Knit picks: Feb 26

2021/02/26

Hello Knit neophytes! This came out pretty hefty. I think future issues of Knit picks will become briefer as more context is built up.

Soft stuff

Had a lot of high quality conversations this week. It’s fun to see people get excited about the potential (and feels like it karmically balances out some dud conversations I had the week before). In terms of pitch refinement, some Knit points that seem to resonate are:

Maybelline

Knit is not “born with it.” How do we make it zing? Some thoughts I’ve had or heard:

Tech stuff

Did the hard parts of splitting Knit into frontend / backend layers. Quick recap: the backend manages dependencies and executes things, the frontend can be a GUI, notebook, templated code (a la dbt), etc. This took a little while; more on that in a sec.

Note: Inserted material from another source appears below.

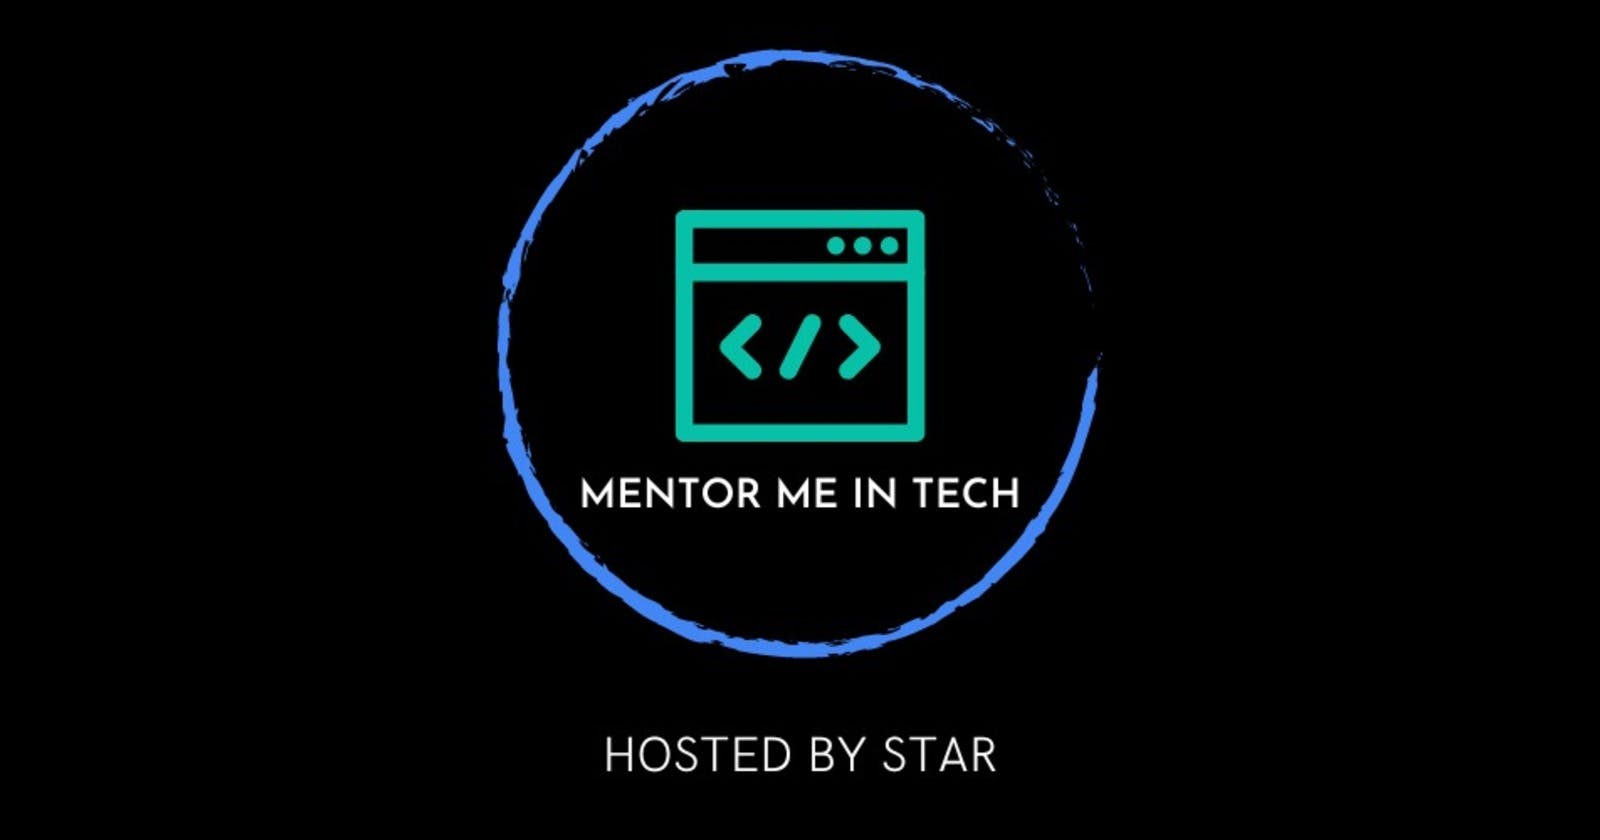 Get Tech-Ready with MentorMeInTech: Your Trusted Mentor.

Once that’s finished up it should be straightforward to run pipelines that use multiple frontends; so I’ll be experimenting with that. Also planning some quality of life improvements for early users (error messages and the like).

Tech spew warning

Refactoring the frontend / backend touches one of the more conceptually tricky parts of Knit. Let’s follow this digression! I think of it as dynamic flow composition. That means any job in a Knit flow can run another Knit flow inside of it. Taking it a step further, the steps in that nested flow can be different depending on data from the parent flow. A meta way to think about it is that Knit flows are data that Knit itself can process.

Knit uses dynamic flow composition to implement a couple features. The most straightforward is running multiple user-defined flows together, such as to combine different frontends. It is also used for partitioning/multiplexing, so you can run the same data analysis over subsets of the input. Some tools can statically compose flows, but this won’t add partitions as your data grows. Other tools rely on partitioning at the data storage level (dbt, Snowflake, Spark), but these usually can only be used with one data storage system.

In the future, I expect dynamic flow composition to be used for other features like packaging and using versioned flows.

I haven’t heard of anything that does dynamic flow composition like Knit. It might be a little crazy. It’s possible it will be hidden as an implementation detail.

Phew that was a trip. I’d be curious if this type of differentiation seems meaningful or if it just sounds like implementation gobbleygook. Or if you just liked clicking the pictures.

OK that’s enough for this edition. Stay classy!